Local vendors hope at-school farmers’ market encourages healthy choices
Kaitlin Vitt, NEWS EDITOR

Angele Gauthier, a nursing student, bought a bag of quinoa from Percy Phillips at Red River College’s farmers market Sept. 9. THE PROJECTOR/ Kaitlin Vitt
Local producers and consumers showed two-way support at Red River College’s first farmers market.
Angele Gauthier, a third-year nursing student at RRC, stopped at the market inside Notre Dame Campus between classes Sept. 9. She said she wanted to buy healthy food, bringing home a bag of quinoa grown in Portage la Prairie.
“I wanted to support Manitoba,” Gauthier said. “You want to support the local guys here and buy as local as possible.”
There were six vendors at the market, selling items including hair and face products, baking and produce.
Britt Embry, from the small-scale farm Hearts & Roots near Elie, Man., sold produce at the market.
“We want to try and get fresh vegetables to students instead of (them) feeling like they need to support us,” Embry said.

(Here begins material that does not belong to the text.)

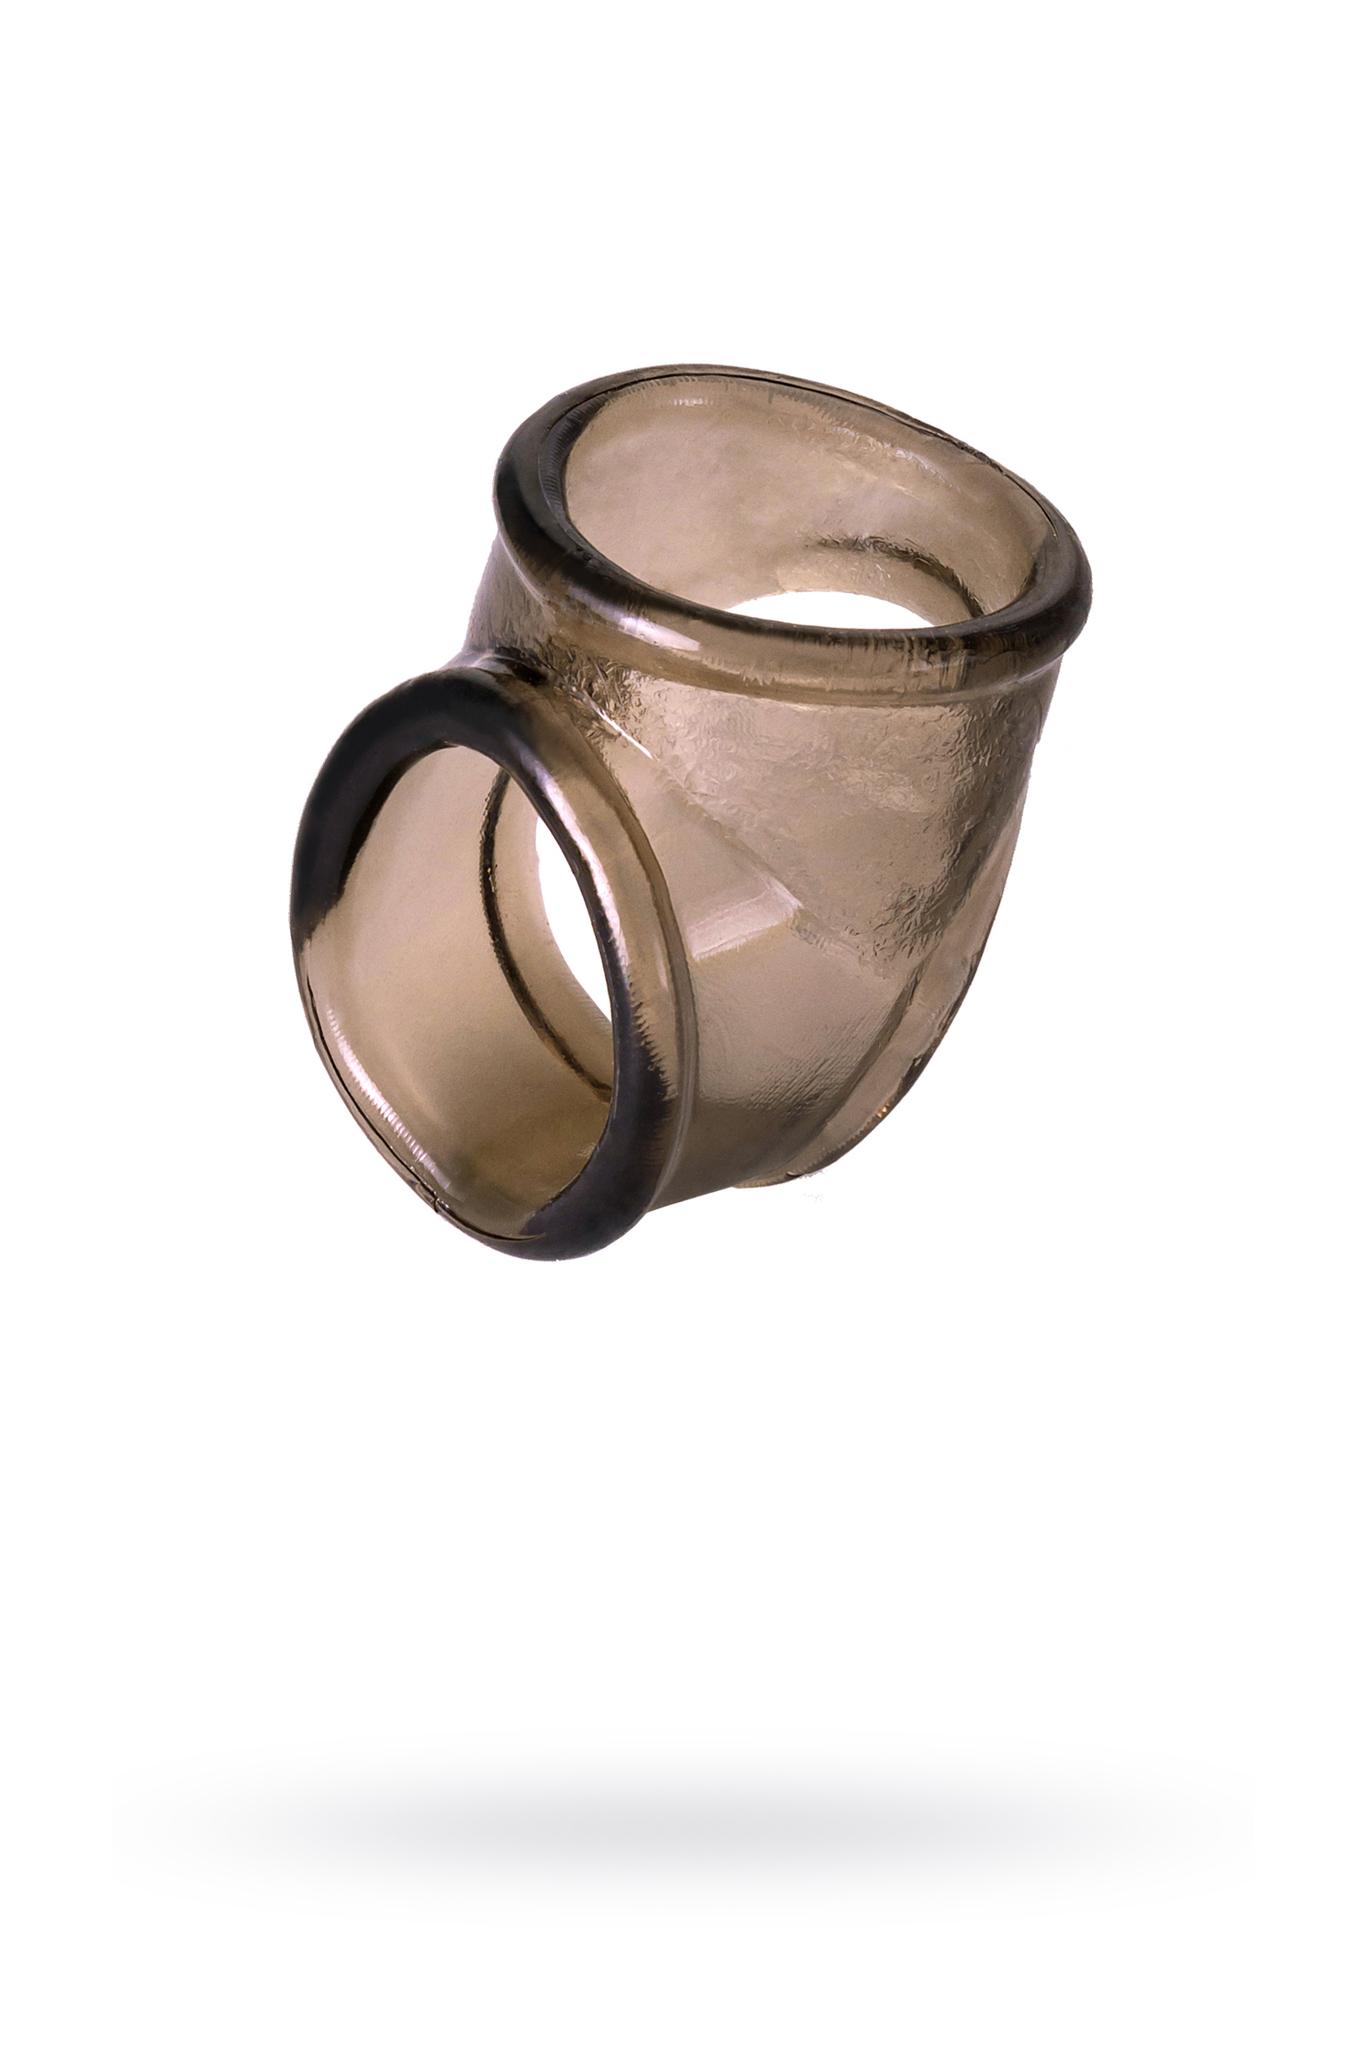 Эрекционное кольцо на пенис TOYFA XLover  , Термопластичный эластомер (TPE), чёрный, 3,5 см фото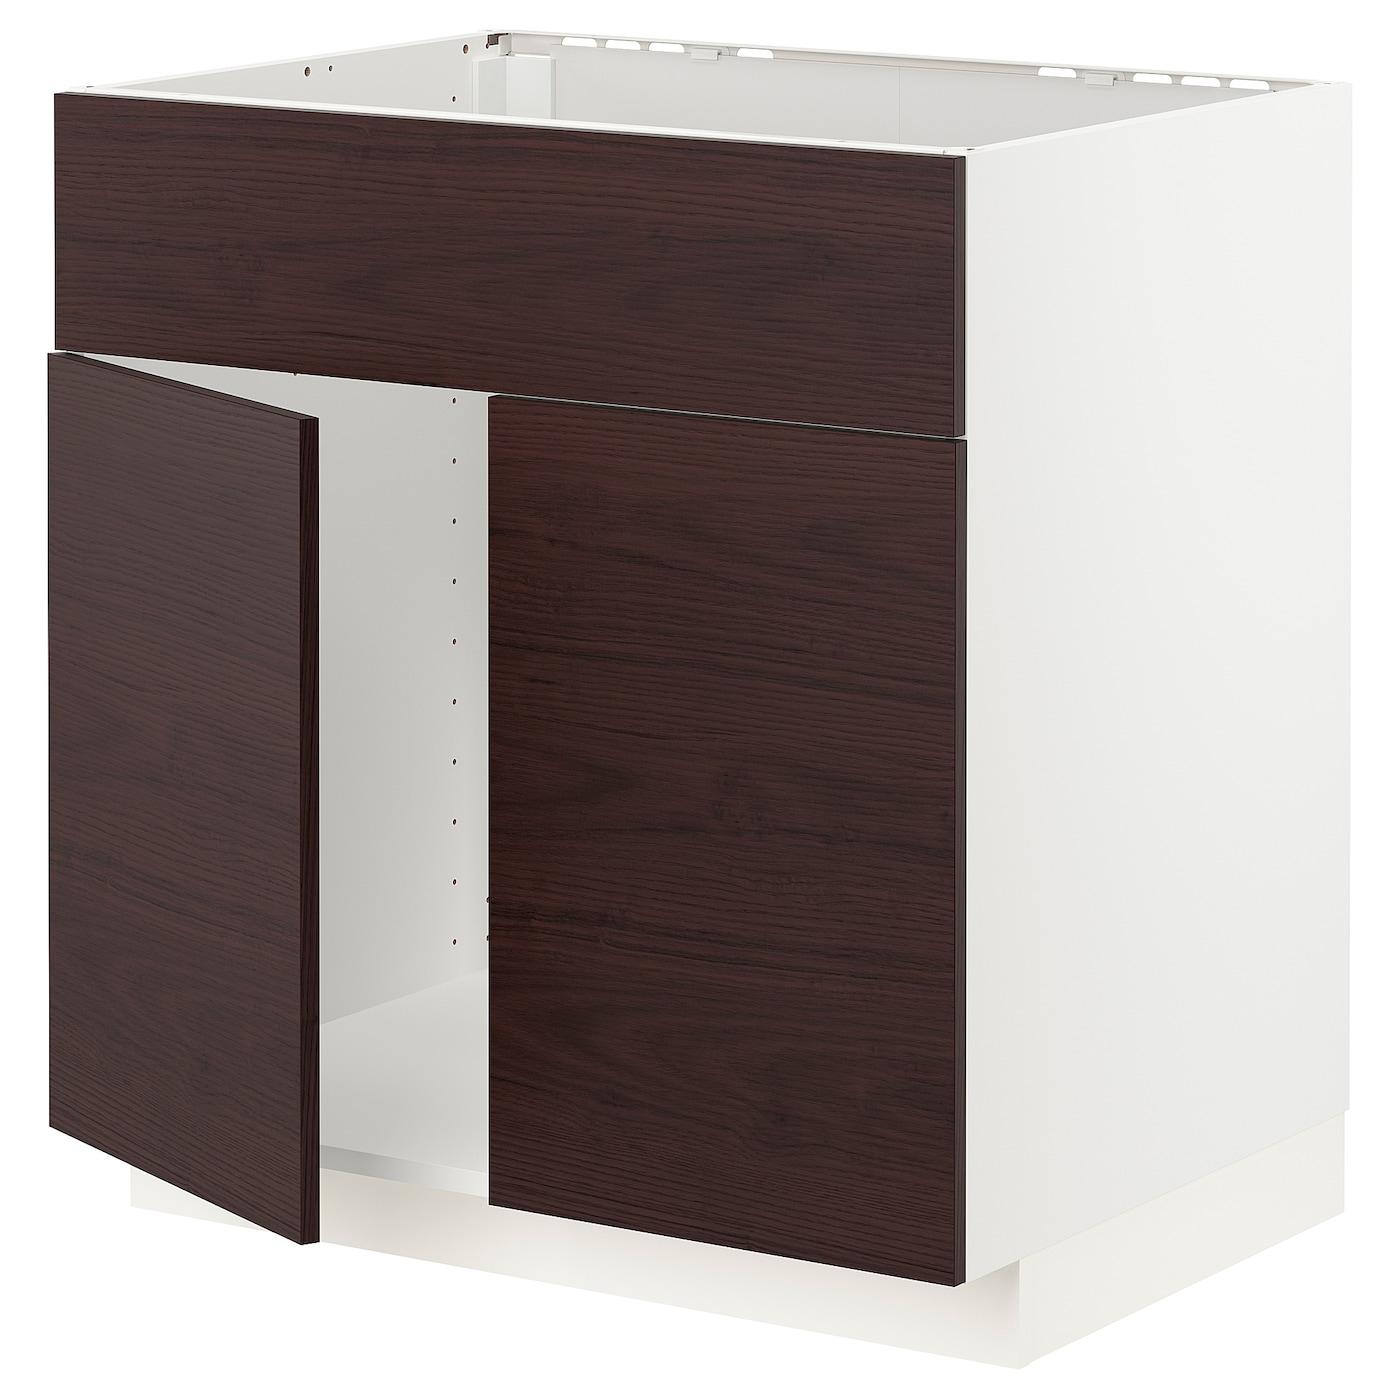 Ikea Kommode Dunkelbraun 2021

Percy Phillips, from Prairie Quinoa, grows quinoa in Portage la Prairie. Last year he had his first commercial crop, after five years of working to find a variety of the grain that grows in Manitoba.
Manitobans can grow a range of crops, including cauliflower, broccoli, chalets, beets and now quinoa, he explained.
“Manitoba is more innovative in agriculture than people understand,” Phillips said, pointing to Embry’s produce stand. “Buying local is a choice people have to support innovative, hardworking people, like her.
“If you just want to buy something wrapped in cellophane or whatnot and leave, and you just want the lowest price no matter what, that’s your business,” he said. “Everybody has a choice.”
The bees on the rooftop of the Paterson GlobalFoods Institute building this summer inspired the farmers market, said Sara MacArthur, the organizer of the market and RRC’s manager of sustainability.
“At the end of the summer, we were left with 75 kilograms of honey that our bees produced, so we thought about what we could do with all this honey,” MacArthur said. “We thought that (a farmers market) would be a great way to showcase honey and to connect students and staff with sustainable issues on campus.”
People who visit a market can meet the producers, better understanding where food comes from, she added.
“We feel at the college like we have a responsibility to educate and inform our students about sustainability practices and to take a leadership role in that.”
MacArthur said she hopes to have another market at the college, though it likely won’t be until next summer.